Queste collezioni, sono solo il frutto di strategie di profilazione millimetrica dei consumatori? Inutile dire che i consumi sono monitorati sotto la lente d'ingrandimento e nulla si fa per caso, in alcuni paesi arabi si muovono enormi cifre per tutto ciò che concerne abbigliamento e lifestyle e la moda è sicuramente tra le prime voci di consumo per spese extra. Il segnale di cambiamento che abbiamo notato nelle ultime collezioni a tema arabo proposte dagli stilisti, sta nel fatto che queste "intrusioni" di capi di abbigliamento non occidentali, non sono più viste solo come una cosa stagionale, o da proporre con determinate ricorrenze. Le donne musulmane vivono e fanno shopping anche a Milano, Roma, New York, Madrid o Parigi, per citare alcune città che per dimensioni tengono ad essere più includenti. Il terreno diventa impervio quando la moda cerca di "raccontare" culture diverse e finisce per cadere banalmente in errori di "forma", per il resto gli stilisti da sempre s'ispirano e sono affascinati dall'esotico, molti dei capi che abbiamo nel nostro guardaroba e che sono diventati un cult provengono da culture lontane e diverse dalla nostra. Ancora più scivoloso è il discorso dell'appropriazione culturale di simboli, oggetti, fetticci: e questo va dalle treccine rasta ai decori delle tribù Inuit.

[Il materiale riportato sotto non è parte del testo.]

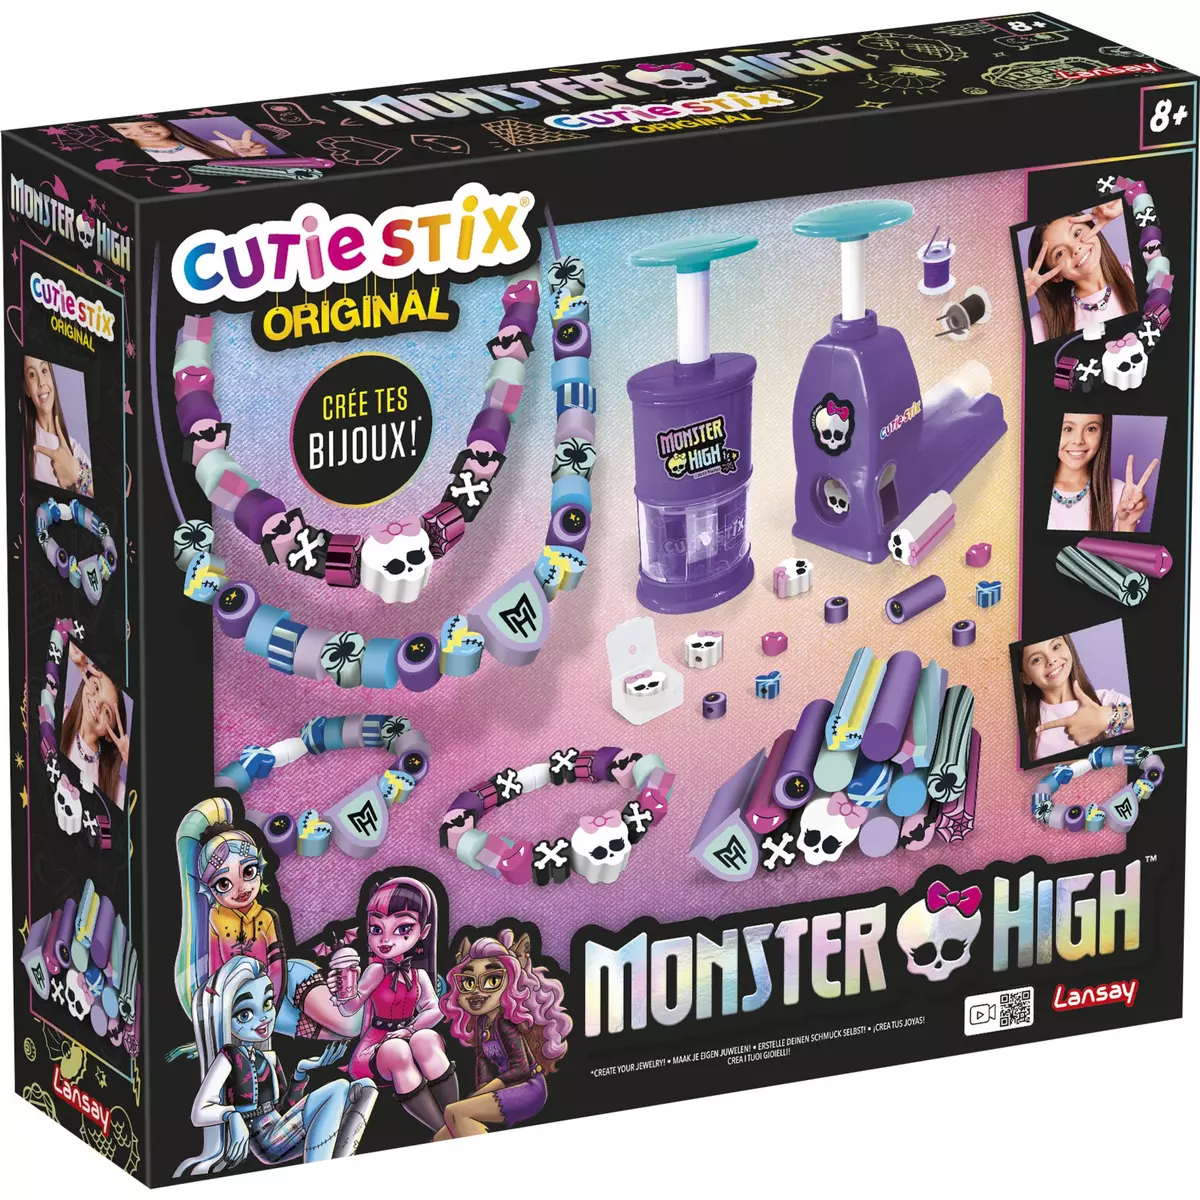 LANSAY Coffret Cutie Stix Original Monster High

Vedere una modella con hijab sulla passerella di Alberta Ferretti e di Max Mara, ad esempio, ha portato a discussioni contrastanti, soprattutto sui social che fungono ormai da cassa di risonanza sugli argomenti "caldi" che attraversano il Paese. Alcuni criticano il fatto che si renda "desiderabile" un indumento simbolo, soprattutto per noi occidentali, di sottomissione, dall'altra parte c'è chi apprezza il rispetto per usi di culture diverse dalla nostra.
Nike apre alle atlete musulmane
Sono sempre più le atlete musulmane che si distinguono in sport anche considerati diffusamente maschili, cogliendo il segnale di un forte cambiamento in atto "che ha visto più e più donne aprirsi allo sport". Anche coloro che meno sono avvezzi a seguire lo sport avranno notato ad esempio alle Olimpiadi la presenza di atlete con il velo. Sarah Attar ad esempio, a Londra negli 800 metri, ma anche la campionessa di taekwondo turca Kübra Dağlı, oppure, la schermitrice statunitense Ibtihaj Muhammad, che ha vinto il bronzo alle ultime Olimpiadi.
Evoluzione del velo islamico: 100 anni di storia
Non è facile semplificare cento anni di storia di velo islamico. Non è facile etichettarlo, ritenerlo giusto o sbagliato, soprattutto se chi giudica non conosce da vicino la storia di chi lo indossa. Con l'acceso clima di islamofobia degli ultimi anni ci siamo spesso trincerati dietro giudizi netti, ma la storia del velo che copre la testa affonda le sue radici non solo in teorie religiose, ma anche di ceto, appartenenza, riconoscimento. Lo spiegano le Muslim Girl – un collettivo di ragazze che ha realizzato il video 100 anni di hijab proprio per raccontare l'importanza di questo indumento: "Vogliamo dimostrare che l’hijab si è evoluto non solo nella moda ma anche nella politica. Storicamente ha simboleggiato il rifiuto della donna musulmana all’oggettivazione e alla sessualizzazione, il contrasto allo sguardo maschile. Oggi rappresenta la nostra sfida all’islamofobia. Il velo è destinato a essere una scelta molto personale e spirituale".